§ DATA TO USE
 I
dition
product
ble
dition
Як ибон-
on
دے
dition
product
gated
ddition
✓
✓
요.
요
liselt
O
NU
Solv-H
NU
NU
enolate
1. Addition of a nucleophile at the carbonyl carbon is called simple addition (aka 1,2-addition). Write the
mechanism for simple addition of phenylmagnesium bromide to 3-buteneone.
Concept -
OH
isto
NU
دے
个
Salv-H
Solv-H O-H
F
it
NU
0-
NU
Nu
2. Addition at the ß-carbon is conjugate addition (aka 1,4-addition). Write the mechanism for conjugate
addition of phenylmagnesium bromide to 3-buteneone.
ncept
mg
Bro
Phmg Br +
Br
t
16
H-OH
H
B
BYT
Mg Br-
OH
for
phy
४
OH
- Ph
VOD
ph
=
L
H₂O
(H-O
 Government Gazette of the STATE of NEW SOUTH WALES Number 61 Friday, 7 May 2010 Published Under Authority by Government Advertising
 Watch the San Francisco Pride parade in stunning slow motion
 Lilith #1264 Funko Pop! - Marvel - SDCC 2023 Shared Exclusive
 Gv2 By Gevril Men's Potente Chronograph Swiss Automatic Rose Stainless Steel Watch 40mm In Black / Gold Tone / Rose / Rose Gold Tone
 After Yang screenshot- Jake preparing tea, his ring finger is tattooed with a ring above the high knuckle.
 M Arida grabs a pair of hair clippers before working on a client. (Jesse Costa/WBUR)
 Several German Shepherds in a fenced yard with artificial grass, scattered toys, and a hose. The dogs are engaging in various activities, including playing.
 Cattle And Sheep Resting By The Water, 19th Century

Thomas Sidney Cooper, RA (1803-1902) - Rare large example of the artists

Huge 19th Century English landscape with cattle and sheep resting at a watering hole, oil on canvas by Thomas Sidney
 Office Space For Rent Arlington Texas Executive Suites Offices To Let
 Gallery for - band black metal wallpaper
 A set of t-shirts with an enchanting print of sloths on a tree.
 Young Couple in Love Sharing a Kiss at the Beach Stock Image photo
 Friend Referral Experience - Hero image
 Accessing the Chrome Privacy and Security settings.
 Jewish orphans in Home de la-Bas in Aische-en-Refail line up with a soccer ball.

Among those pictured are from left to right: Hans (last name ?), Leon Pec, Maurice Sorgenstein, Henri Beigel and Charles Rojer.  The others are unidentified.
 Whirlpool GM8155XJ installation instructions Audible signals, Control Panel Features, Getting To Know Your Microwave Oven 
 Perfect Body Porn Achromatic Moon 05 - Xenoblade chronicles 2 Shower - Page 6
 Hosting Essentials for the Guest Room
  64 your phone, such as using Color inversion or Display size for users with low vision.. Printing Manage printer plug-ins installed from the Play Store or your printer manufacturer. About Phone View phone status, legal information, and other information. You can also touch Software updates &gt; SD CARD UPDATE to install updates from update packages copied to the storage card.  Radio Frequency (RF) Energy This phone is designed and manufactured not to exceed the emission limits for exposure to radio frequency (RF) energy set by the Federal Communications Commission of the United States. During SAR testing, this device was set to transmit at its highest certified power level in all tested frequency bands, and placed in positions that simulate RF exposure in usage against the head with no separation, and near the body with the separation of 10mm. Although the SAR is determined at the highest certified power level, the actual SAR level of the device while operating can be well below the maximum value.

§ TASK STATEMENT
Read through the entries and copy every line that includes "buteneone".

§ WRITTEN ANSWER
mechanism for simple addition of phenylmagnesium bromide to 3-buteneone.
addition of phenylmagnesium bromide to 3-buteneone.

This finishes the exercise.